> _PROBLEM DETAILS_
What is needed is a word-for-word copy of the listing below, without pictures.

> _SOURCE MATERIAL_
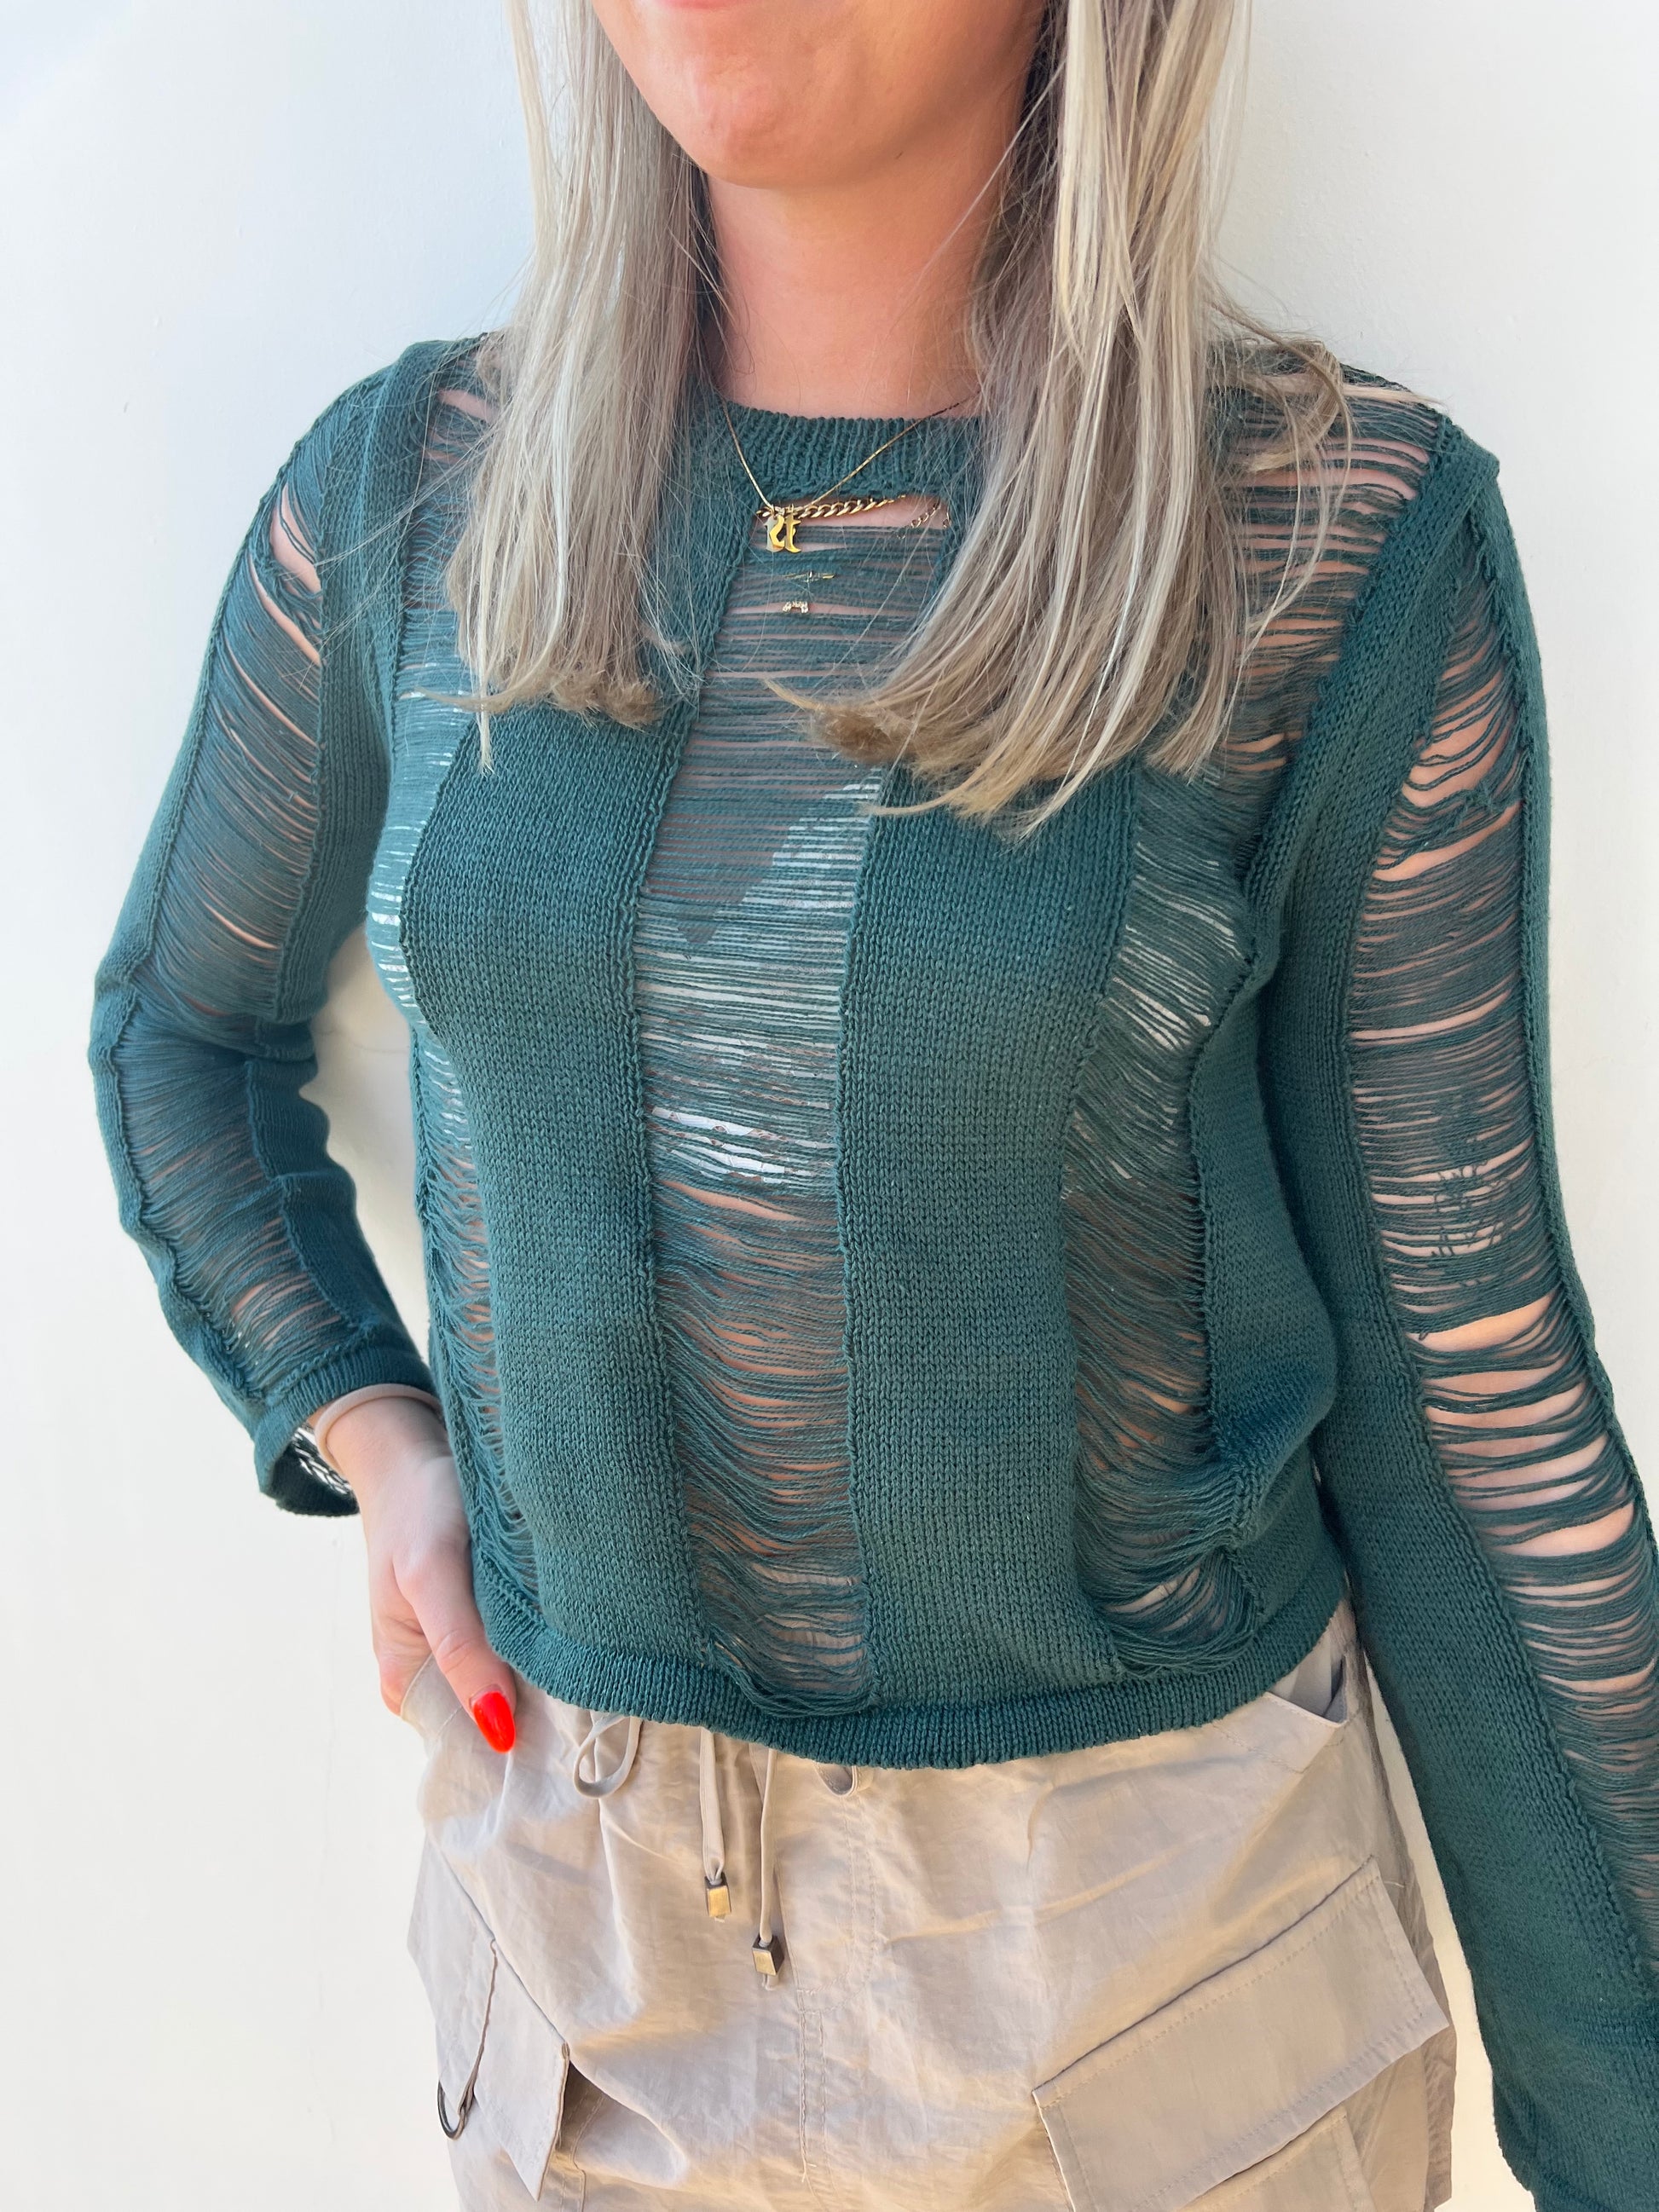 Distressed Sweater Top – The Vintage Thread
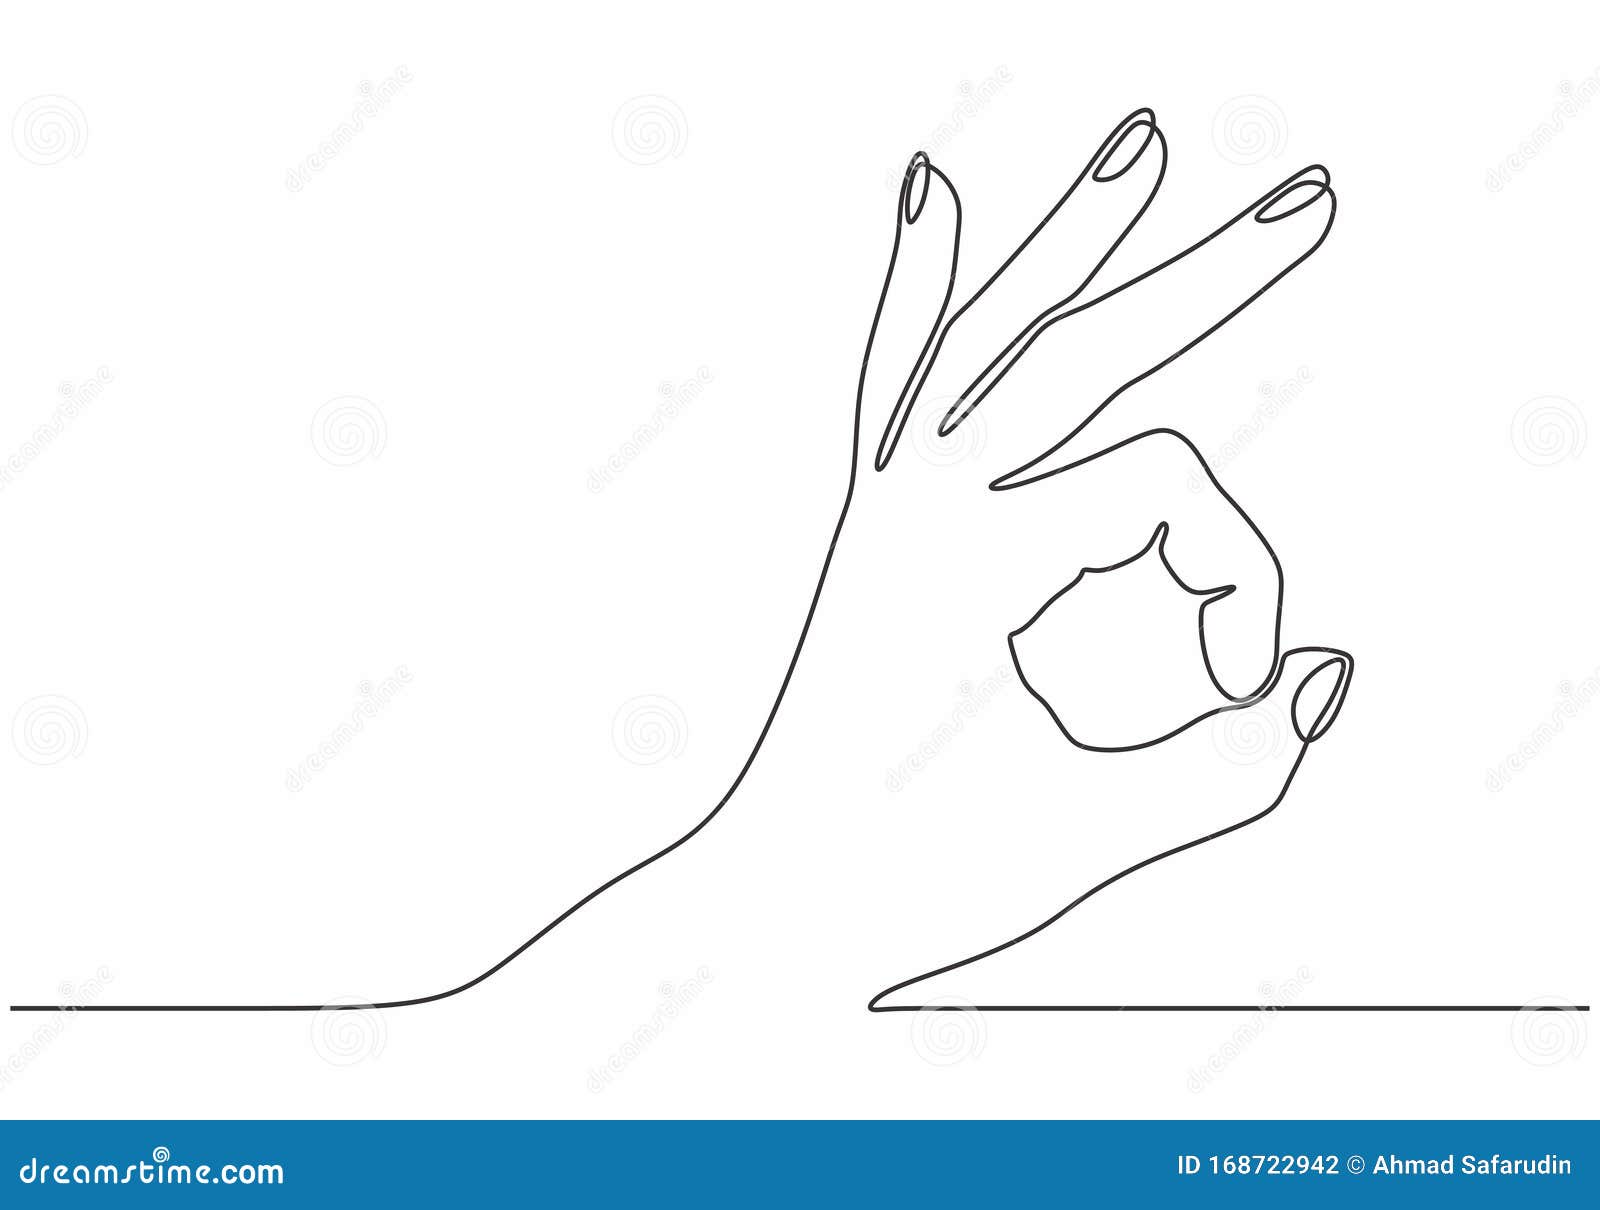 one line drawing of hand showing ok gesture. contour hand drawn single lineart minimalism continuous style
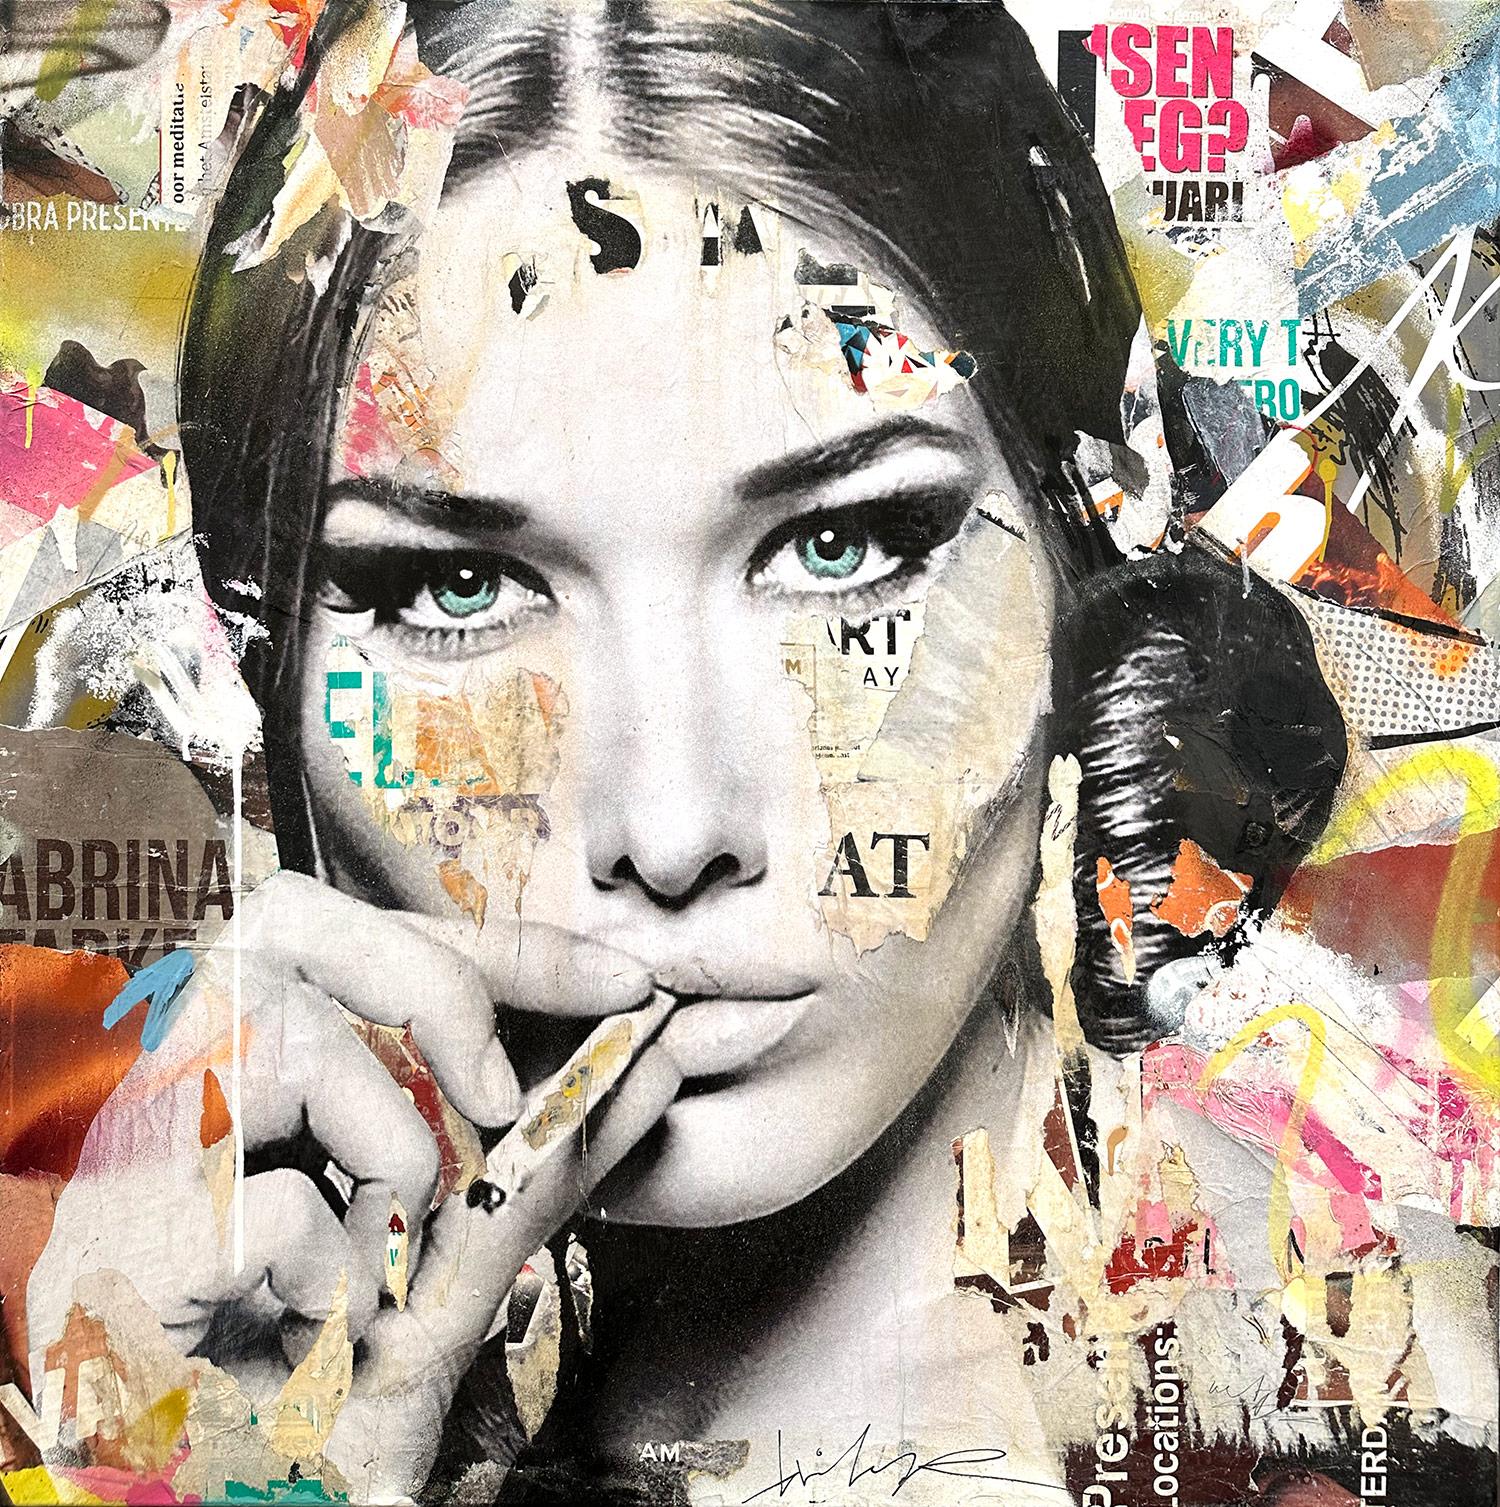 Gieler Abstract Painting - "Carla Is Smokin' Hot" Carla Bruni Colorful Pop Art Portrait Painting on Canvas

> _RESPONSE TO THE EXERCISE_
 Distressed Sweater Top – The Vintage Thread
 one line drawing of hand showing ok gesture. contour hand drawn single lineart minimalism continuous style
 Gieler Abstract Painting - "Carla Is Smokin' Hot" Carla Bruni Colorful Pop Art Portrait Painting on Canvas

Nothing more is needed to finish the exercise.